Meet Europe’s Latest National Park, A Wild River in the Heart of Albania
The Vjosa is a more than 400-kilometer (approximately 250 miles) river that flows from Greece’s Pindus Mountains to Albania’s Adriatic coast through the habitats of otters, Egyptian vultures and Baltic lynxes among more than 1,100 animal species.
As of Wednesday, it is also Europe’s first wild river national park.
“Today we protect once and for all the only wild river in Europe,” Albanian Prime Minister Edi Rama said at the designation ceremony, as The Guardian reported.
The Vjosa is the one of the only wild rivers in Europe outside of Russia, according to the International Union for Conservation of Nature (IUCN), one of the organizations that campaigned for the park’s formation. It passes through a variety of landscapes from gorges near the start of its journey to a delta at the end. The middle stretch alone incorporates at least eight different habitat types. The area is also home to abundant biodiversity, including 13 species of animal and two species of plant that the IUCN has designated as threatened.
Its protection is especially important, according to the new park’s website, because “freshwater ecosystems are the most threatened in the world.”

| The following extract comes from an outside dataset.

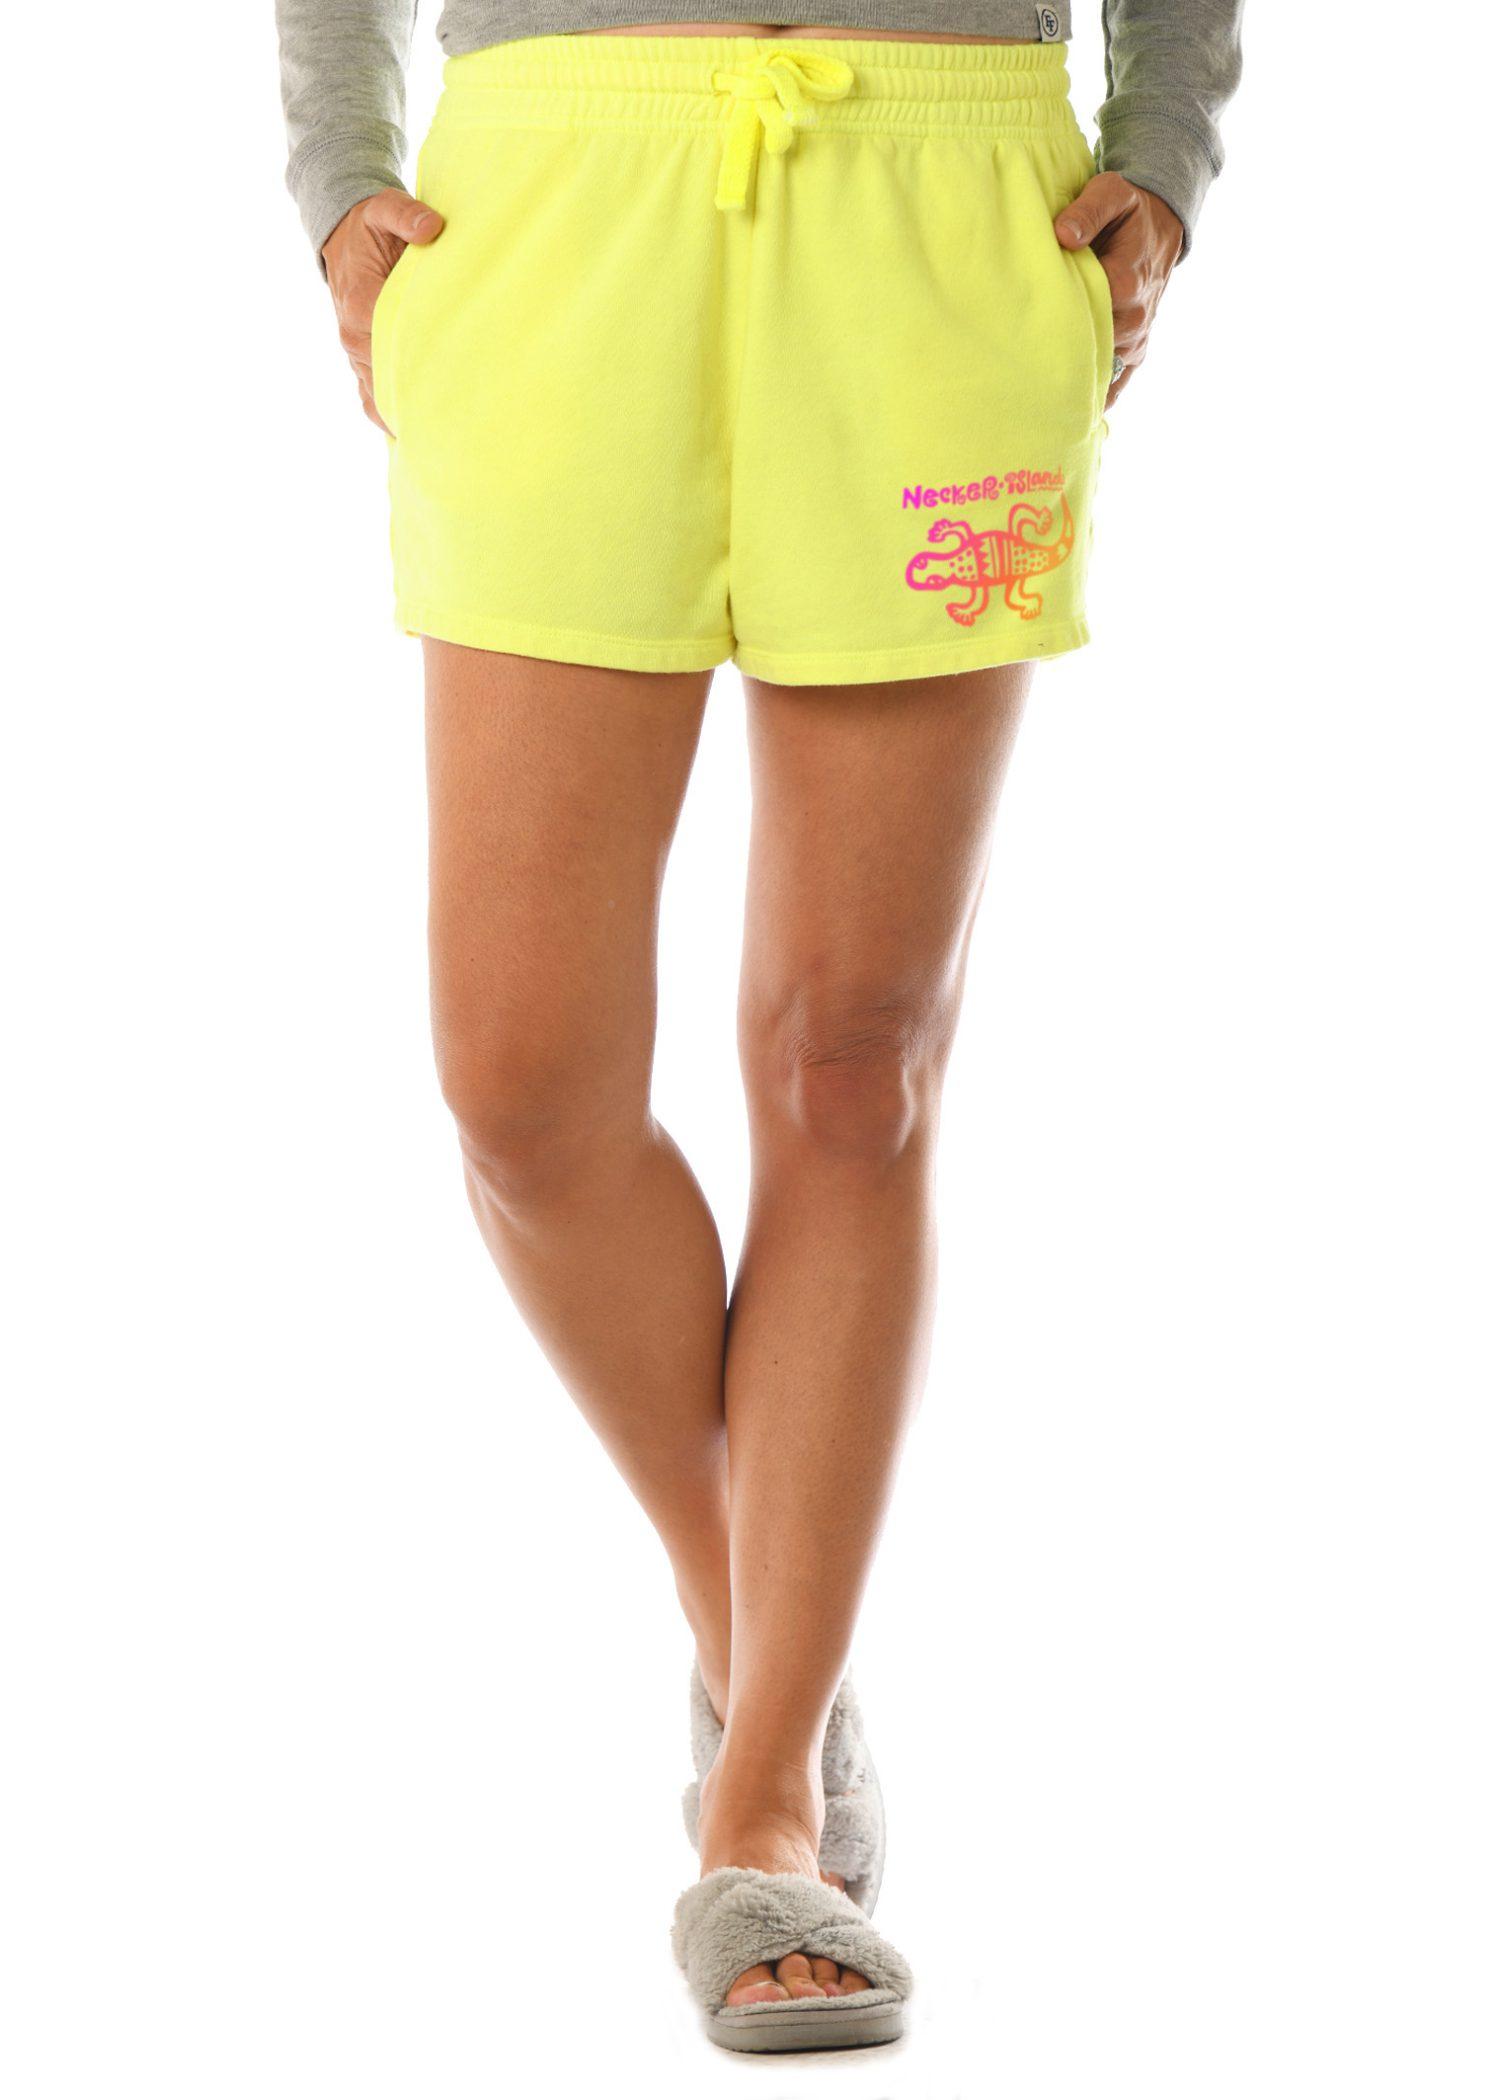 GG 362-FT M Women's Shorts-Front
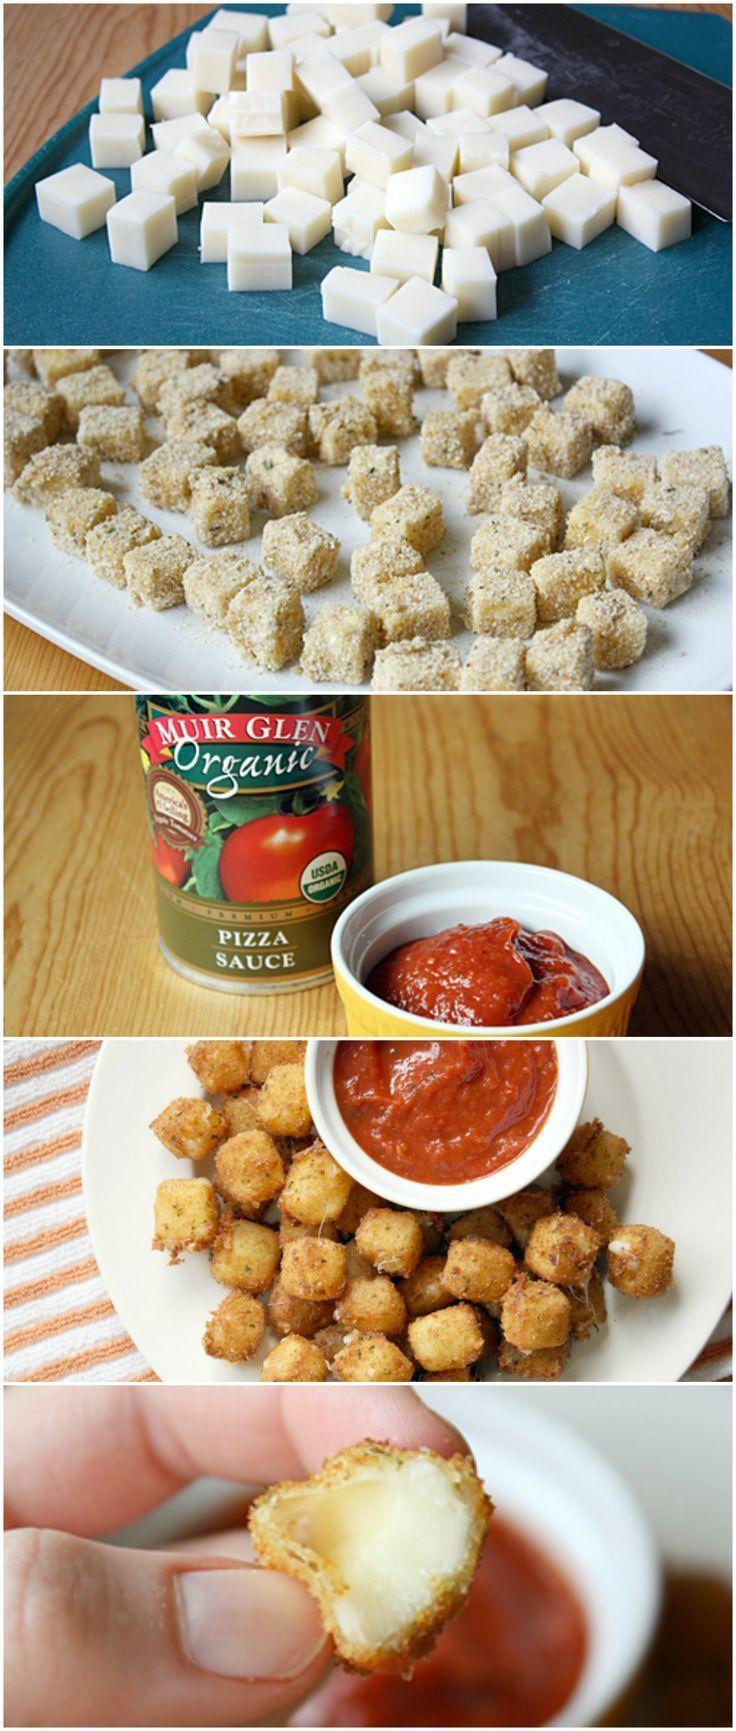 25+ best ideas about Homemade mozzarella sticks on ...

Since 1970, the populations of freshwater species globally have fallen by 84 percent and the populations of migratory fish in Europe have fallen by 94 percent. In addition to protecting natural wonders, the new park also includes the UNESCO World Heritage site of Gjirokastra, famous for its two-story 17th century houses.
“Vjosa is a symbol of human history and also a very important part of the history of our country,” Albania’s Minister of Tourism and Environment Mirela Kumbaro Furxhi said in the IUCN press release. “Maybe Albania does not have the power to change the world, but it can create successful models of protecting biodiversity and natural assets and we are proud to announce the creation of this first National Park on one of the last wild rivers in Europe.”
Vjosa’s protection was not inevitable. The river faced threats from 40 planned hydropower plants either on the river itself or on its tributaries, a proposed airport near its mouth and even oil exploration by Shell, according to NGO coalition Save the Blue Heart of Europe. However, the coalition united with IUCN, local and international experts and outdoor clothing company Patagonia to advocate for a park, according to IUCN.
The Albanian government listened. In June 2022, Rama, Kumbaro and Patagonia CEO Ryan Gellert signed a promise to create the Vjosa Wild River National Park, which finally came to fruition after nine months of research and consultations.
“This unique collaboration between government, civil society and business is testament to the power of collective action and we hope it will inspire others to come together to protect the wild places we have left, in a meaningful way,” Gellert said in the IUCN release. “Standing on the banks of the Vjosa today, we are humbled to know that this exceptional river and its wildlife will be conserved forever.”